Linzy has her own tax preparation business. She claims she employs “contract labor”, but has no records of any value showing to whom she paid what. Judge Vasquez takes up the story: “Petitioner presented canceled checks, bank account statements, receipts, and invoices purporting to substantiate various items claimed as business expense deductions. These records are not well organized and have not been submitted to the Court in a fashion that allows for easy association with the portions of deductions that remain in dispute. Nevertheless, we make what sense we can with what we have to work with….” 2011 T.C. Mem 264, at p. 7.

It gets worse. “None of the numerous receipts petitioner offered in support of her claimed contract labor expense were for contract labor.[Footnote- For example, petitioner introduced receipts for blinds, carpet, repairs, and furniture.] However, some of the receipts were for valid business expenses properly deductible elsewhere on petitioner’s Schedule C. We permit those expenses to be deducted and discuss them below in the appropriate expense category.

“At trial petitioner attempted to claim a deduction for additional contract labor expenses. Petitioner introduced photocopies of checks and a few pages of someone’s handwritten timesheet. The checks are photocopied such that the dates are missing or incomplete, and the full amount cannot be determined for one of the checks. These records are incomplete, and there is not enough information to permit a reasonable estimate. Accordingly, respondent’s complete disallowance of petitioner’s $34,880 deduction for contract labor is sustained.” 2011 T.C. Mem. 264, at pp. 7-8.

Though Judge Vasquez throws Linzy a few dollars’ worth of deductions above what IRS would allow in the other categories referred to, the net result sustains IRS’s deficiency.

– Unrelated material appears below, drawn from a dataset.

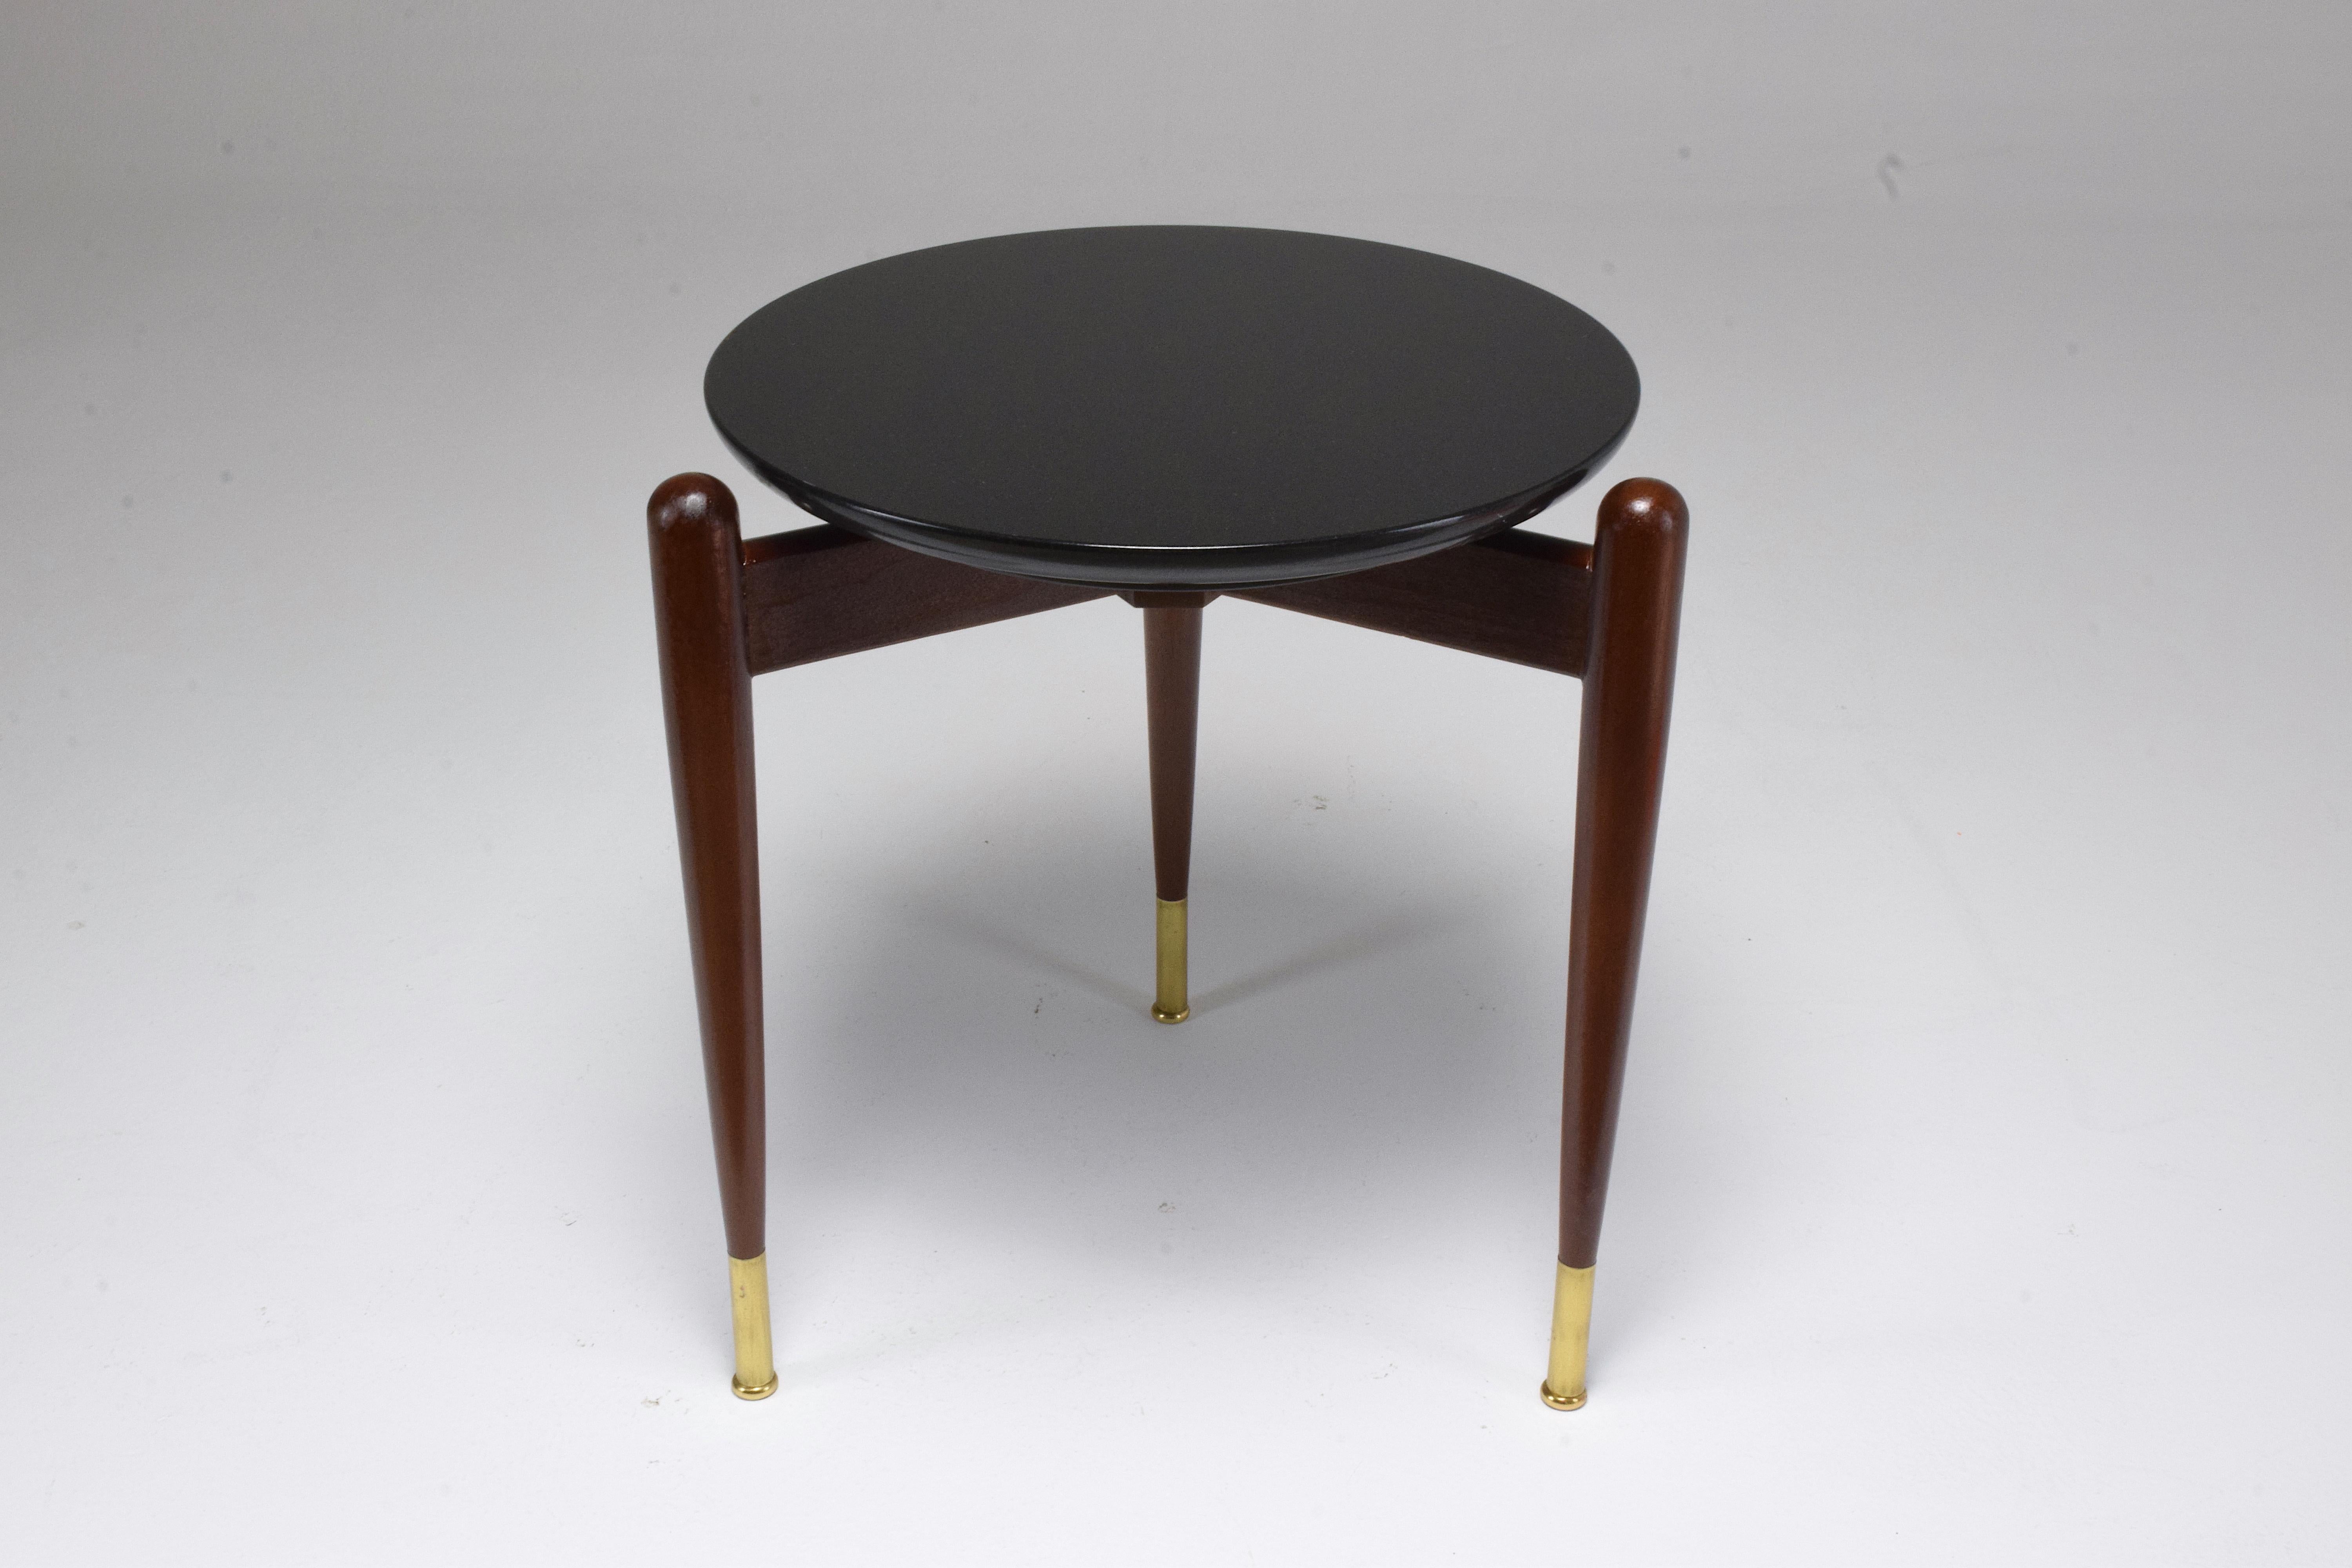 20th century vintage small gueridon table composed of a wooden structure with tapered legs, brass polished endings and a black granite tabletop.
Restored condition.

Finally, as to the Section 6662 penalty (negligence and substantial understatement), Judge Vasquez had this to say:  “Petitioner’s records were insufficient to substantiate several of her claimed deductions, and she failed to keep adequate books and records. Furthermore, petitioner, a tax return preparer with more than 15 years’ experience, improperly deducted the cost of numerous items instead of depreciating the items as required by law. Although petitioner credibly testified as to the business purpose for her claimed deductions, her underpayment was still attributable to her negligence.” 2011 T. C. Mem. 264, at pp. 18-19.

Apparently Linzy was an unenrolled preparer, a species about to become extinct with the advent of the new Registered Tax Preparer testing and CPE requirements, and Circular 230 regulation. It remains to be seen whether the proposed testing and CPE requirements, and the oversight of OPR, will improve the performance of Linzy and her colleagues–at least as to their own tax returns.